I decided to go a little rouge with a slab of pork belly. I used a variation of POP'S brine infused with some coffee and apple juice. I got this Idea from fellow poster Noboudaries "Double Beer Can chicken brine" anyway here it is.

1 qt. apple juice

1 qt. strong black coffee

2 qts. water

1 tablespoon pink salt

1 cup cane syrup

1 cup kosher salt

12 whole cloves....24 whole peppercorns. These were toasted and then cracked cracked.

I quartered the belly and set in brine for 20 days. Then the belly rested / dried for 5 days.













002.JPG



__ unclejhim
__ Mar 18, 2016






Forgot to mentioned dusted the tops of each with onion powder. garlic powder and block pepper.

They had a nice color from the brine.

Then into the smoker. With corn cob and pecan pellets (great aroma from the smoker) I did this on three separate  nights (approx. 9 hrs. smoke ea. night) 













003.JPG



__ unclejhim
__ Mar 18, 2016


















005.JPG



__ unclejhim
__ Mar 18, 2016






because it's starting to get warm here in So. Louisiana. You can tell I'm not to good at placing the pictures but y'all get the idea.













009.JPG



__ unclejhim
__ Mar 18, 2016






Ready for the slice!!

 













013.JPG



__ unclejhim
__ Mar 18, 2016


















016.JPG



__ unclejhim
__ Mar 18, 2016






All I can say is when I tasted them I FIST PUMPED!! WOW! They really came out great. Exactly what I was looking for. A bold flavor for sure but not over whelming IMO.

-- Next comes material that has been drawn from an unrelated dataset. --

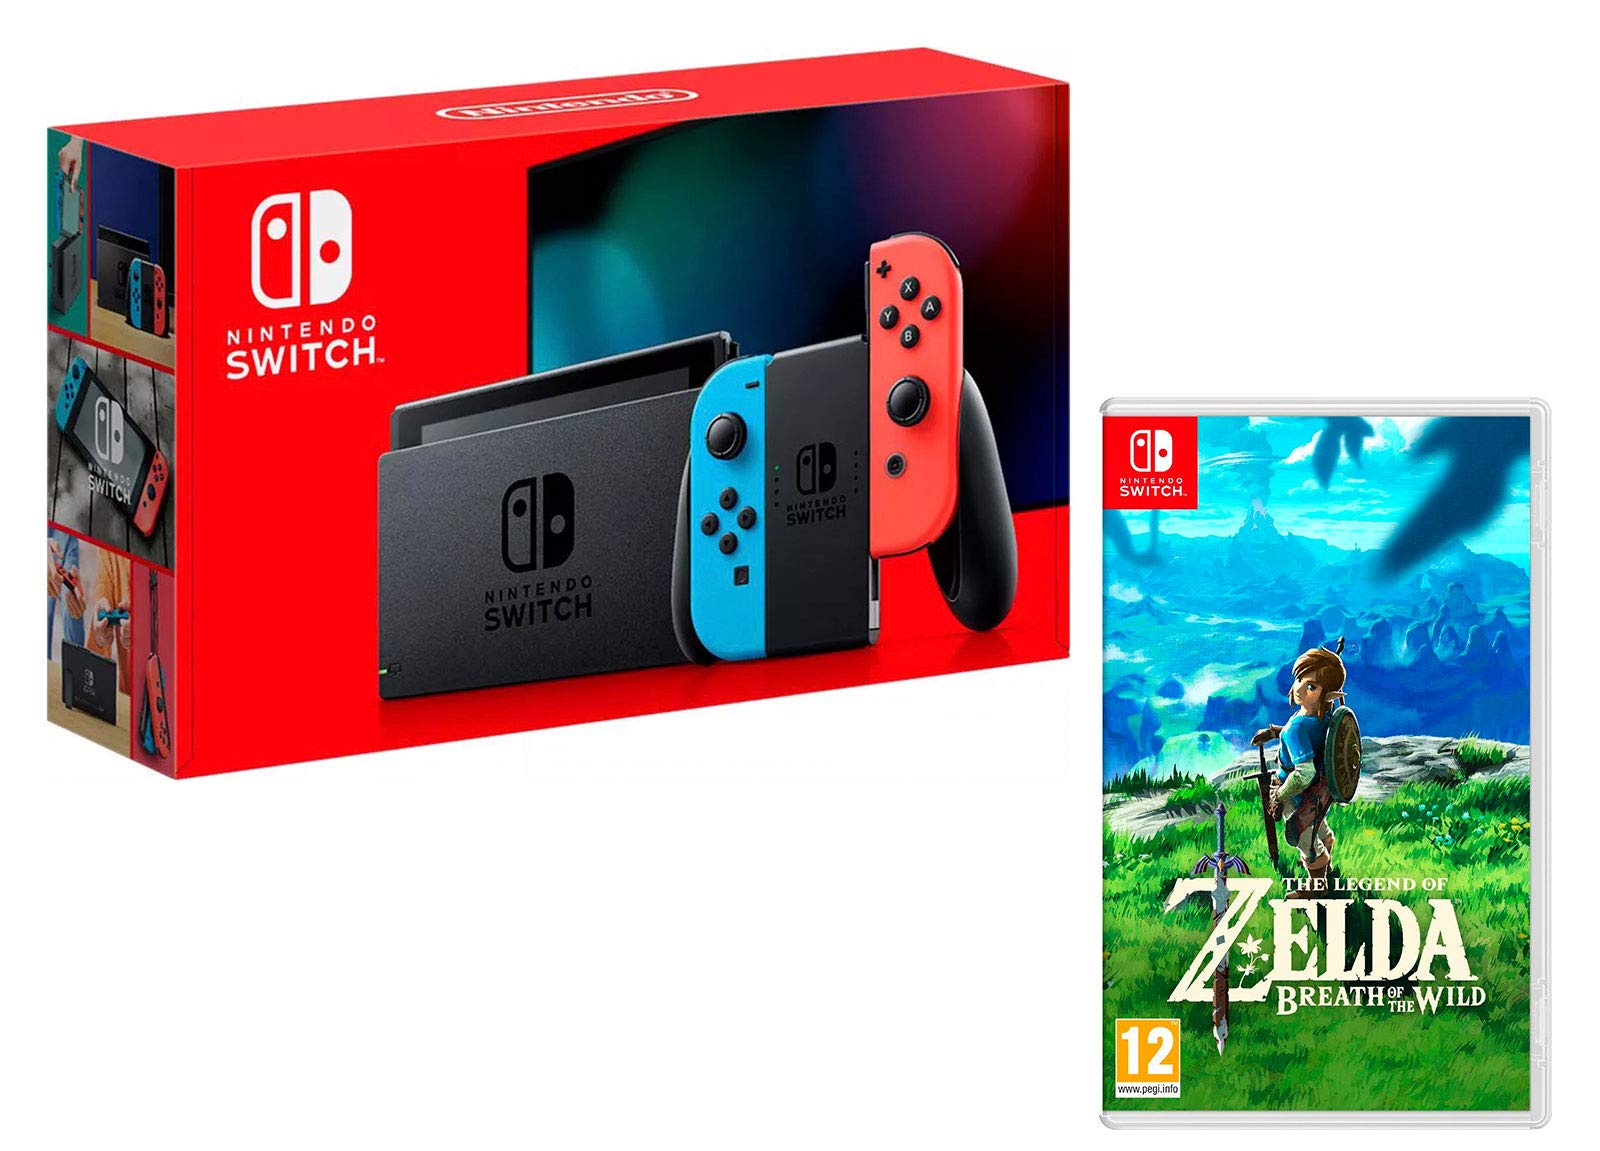 Nintendo Switch Konsole 32Gb Neon-Rot/Neon-Blau [Neues Model] + The Legend of Zelda: Breath of The Wild

The bits and pieces will go good in some green beans as well.

I was waiting to try these before I thawed the other  belly in my freezer. It's thawing as I speak and will go thru the same process.


----------



## dirtsailor2003 (Mar 18, 2016)

Sounds interesting. 

One thing to note if you only used 1 teaspoon of cure #1 as stated in your post you didn't have enough cure. You needed a Tablespoon. I hope you just made a typo. If so please correct to tablespoon, as that is the proper amount of cure for 1 gallon of Pop's brine.


----------



## SmokinAl (Mar 18, 2016)

I caught that too, Case!

From the color of the finished bacon, I'm sure it's a typo.

I changed it.

The bacon looks awesome!

Al


----------



## unclejhim (Mar 18, 2016)

Yes it was/is a typo, thanks for catching and fixing it.


----------



## 3montes (Mar 18, 2016)

Awesome! Way to think out of the box on the brine! I'm in the process of doing my first pork belly for bacon. Did the straight up Pop's simple brine no other flavors. If this turns out I am going to start to infuse the brine with flavors. When I do brines for pork or poultry I use all sorts of things. Beers, wines, coffee, juices aromatics etc. etc.

I plan on seasoning the pork bellies with a maple garlic seasoning on one lots of cbp on another and haven't decided what to do on the third one yet.

Congratulations on your success!!


----------



## unclejhim (Mar 18, 2016)

Thanks and good luck yours!


----------



## b-one (Mar 19, 2016)

Looks great,nice and meaty as well!


----------